Laurent studies the interaction of structure and dynamics. His research involves network theory, statistical physics and nonlinear dynamics along with their applications in epidemiology, ecology, biology, and sociology. Recent projects include comparing complex networks of different nature, the coevolution of human behavior and infectious diseases, understanding the role of forest shape in determining stability of tropical forests, as well as the impact of echo chambers in political discussions.

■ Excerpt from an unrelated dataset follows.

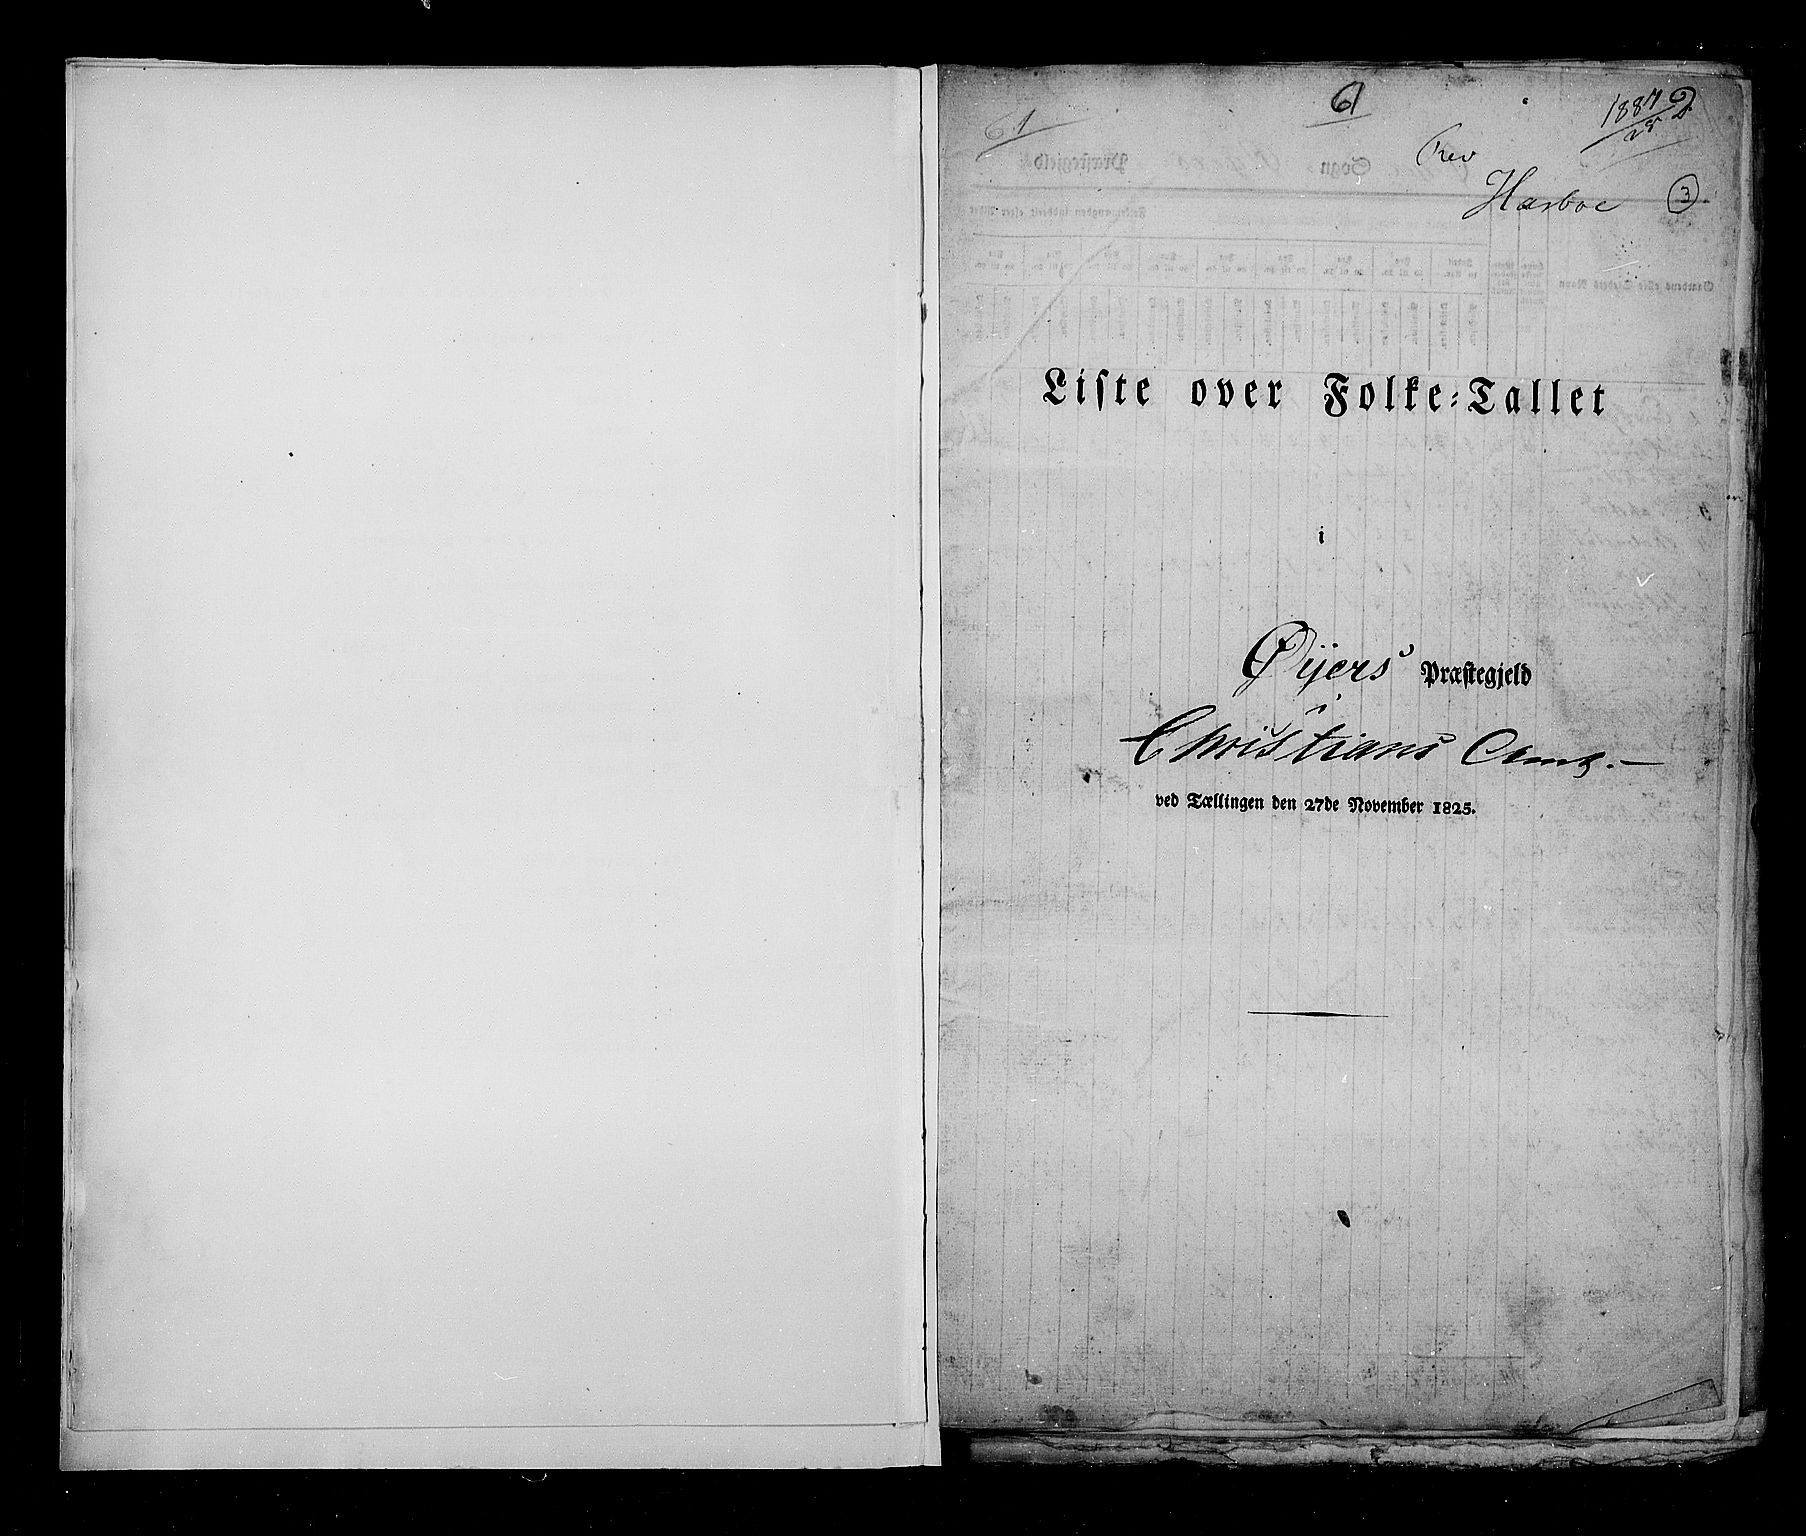 RA, Census 1825, vol. 6: Kristians amt, 1825, p. 3

Hines' work broadly focuses on finding ways to make electric energy more reliable, more affordable, with less environmental impact. Particular topics of interest include understanding the mechanisms by which small problems in the power grid become large blackouts, identifying and mitigating the stresses caused by large amounts of electric vehicle charging, and quantifying the impact of high penetrations of wind/solar on electricity systems.
Bagrow's interests include: Complex Networks (community detection, social modeling and human dynamics, statistical phenomena, graph similarity and isomorphism), Statistical Physics (non-equilibrium methods, phase transitions, percolation, interacting particle systems, spin glasses), and Optimization(glassy techniques such as simulated/quantum annealing, (non-gradient) minimization of noisy objective functions).